I’m wearing my grandmother’s diamond earrings and a vintage gold ring of my mother-in-law’s that she designed. I’m sitting next to a table that holds a glass container filled with the dried petals from the first flowers my husband ever bought me before we were officially even dating. When did we officially start dating? He told me he wanted to pursue a relationship with me on July 29th, 2006, in the wave pool at a water park. We had met on June 25th at church. Our first kiss was August 13th. He proposed on June 4th, 2008, and we married on January 3rd, 2009 (pronounced husband and wife at 7:28 pm, to be exact). He once said we could “upgrade” my ½ carat engagement ring when we had the money. I told him I never want to—I want to always have the same ring on my finger that he held in his hand when he proposed. He paid cash for it, and it represents where we were at that time in our lives. It’s perfect for my tiny hands, and I’ll wear it for the rest of my life.

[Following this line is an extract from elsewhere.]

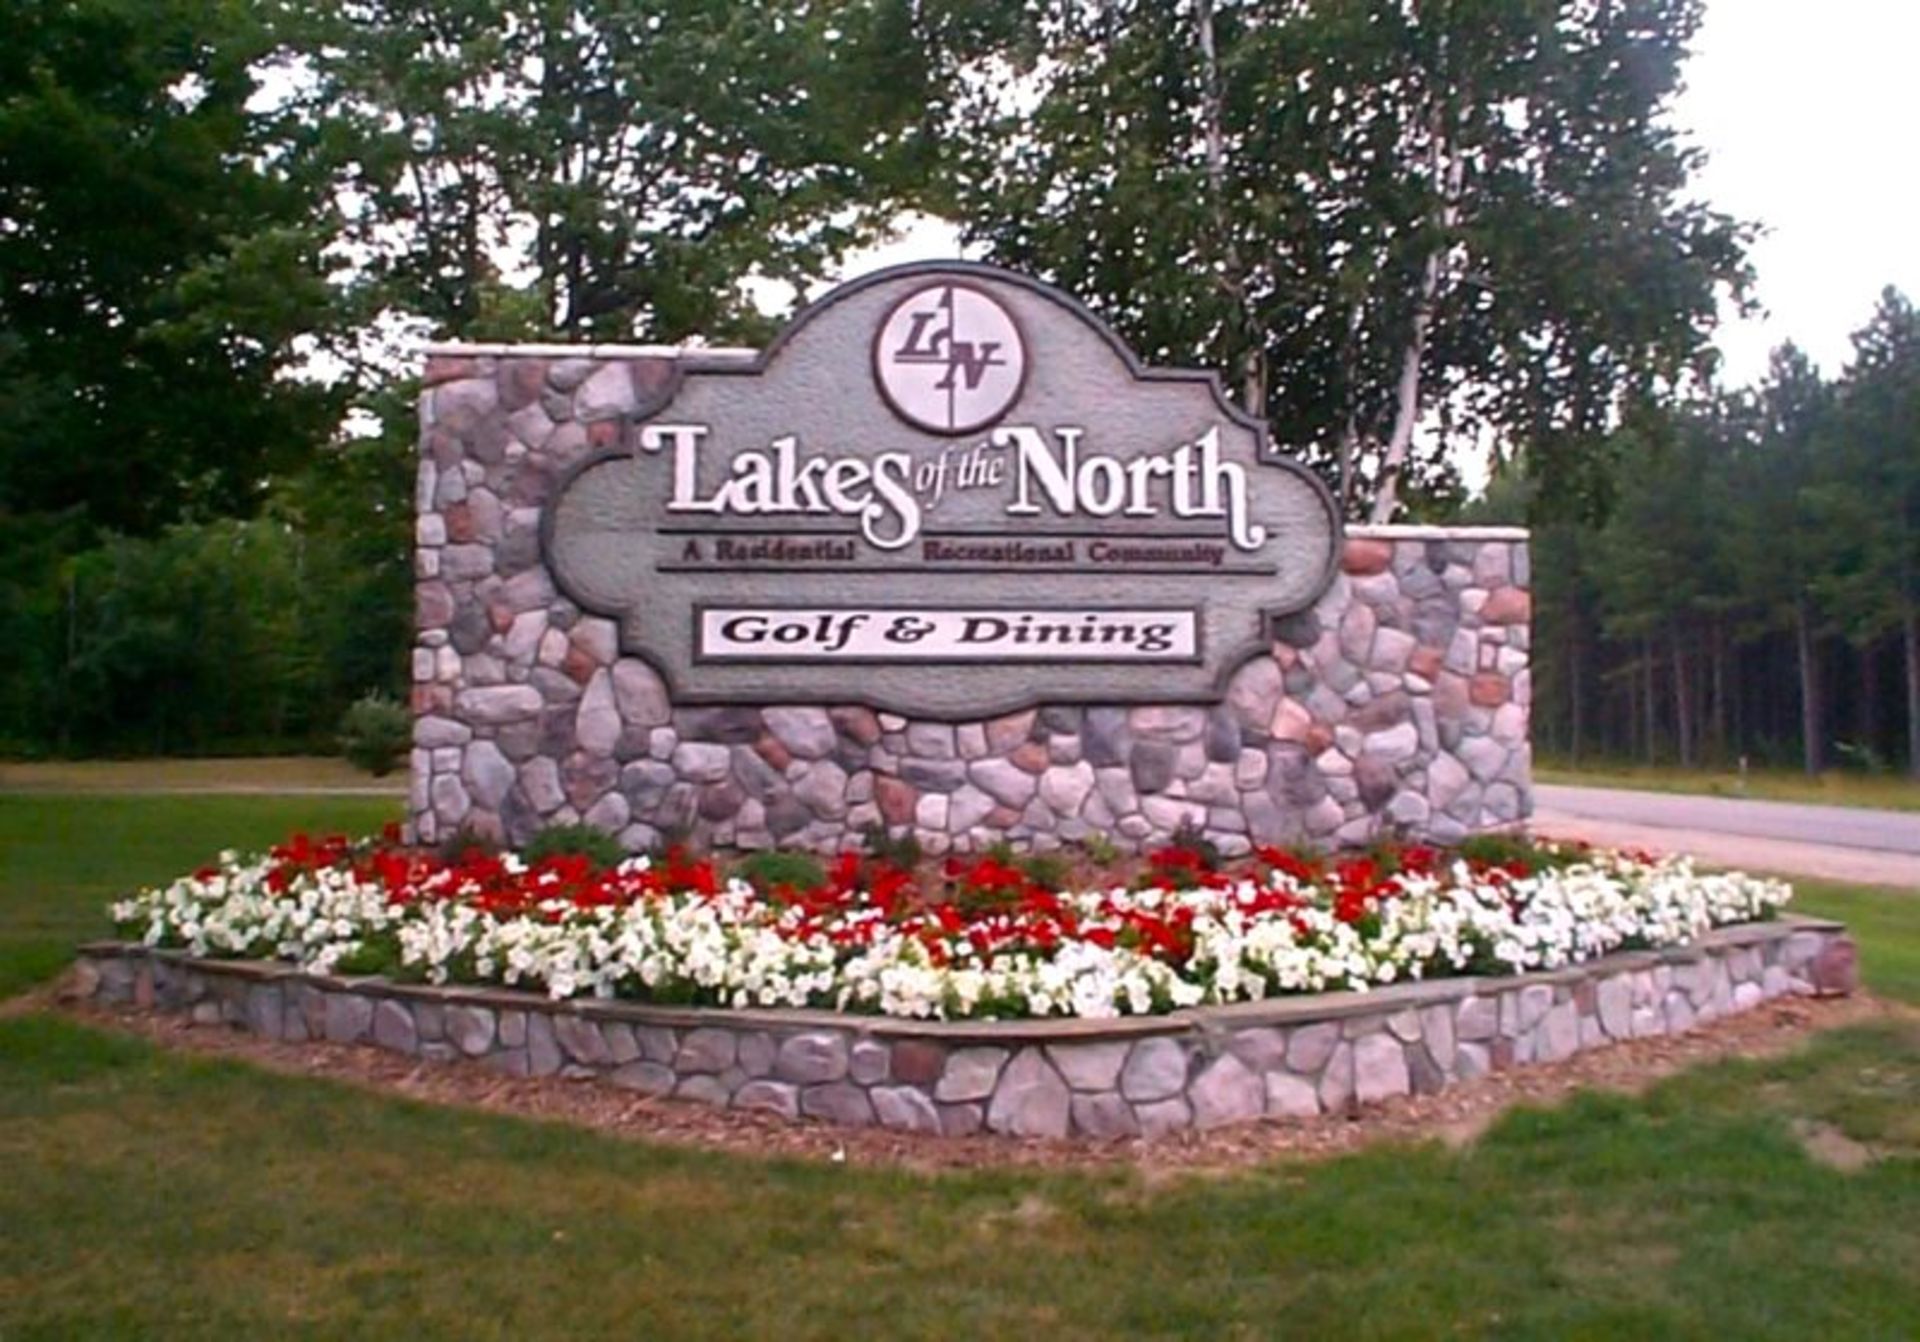 Build in Michigan's Lakes of the North Community! - Image 10 of 11

As you can see, I’m sentimental. I carry things with me—tokens of remembrance from loved ones who are gone, mementoes of my romance with my husband, important dates forever sealed in my memory. Today is a significant day.
Friday the 13th—am I superstitious? Of course not. Last year, February 13th was a Thursday. Thursday, February 13th, 2014—the day Pascal made his first post at Russell & Pascal. It was a short post. Three paragraphs. Four likes. One pingback from another blog. What’s the big deal? Why do I add the day of his first post to a running list of anniversaries?
Russell & Pascal. Pseudonyms to protect my family’s identity from my parents. I’m married to Russell, the atheist. I introduced Russell to Pascal, my former professor and a professional in a field I hope to someday call my own, on January 5th, 2013. I knew of Pascal’s faith and had reached out to him with a long letter a little over a month before, hoping he could walk with us through doubt and help us find reasons to believe again. Pascal had responded with his own long letter, and our letters continued into the spring. After Russell and Pascal met for the first time in January, they started having frequent breakfasts and became fast friends. Pascal’s story and his confident reassurance gave me hope that I could believe again. He engaged and accepted my husband in a way that no other believer has. The later spring and summer of 2014 were months of silence between our families as other priorities took precedence—but the fall months found Russell and Pascal together again over early morning breakfasts. An atheist and a Christ-follower, loving each other over breakfast burritos and migas at 6 am—the blog was born over the shared table that bridged the distance between them.
With the blog came an unspoken commitment. Russell and Pascal could have stopped having breakfast at any time, and no one would have noticed. The blog was a product of their friendship that symbolized their intent to take it deeper and make it last. The blog was Russell’s way of saying “I’m willing to talk”—for so long, he hadn’t wanted to out of fear of damaging a believer’s faith. It was Pascal’s way of saying “I’m standing by you, no matter what.” It was their way of inviting me, inviting you, to the table—to the bridge.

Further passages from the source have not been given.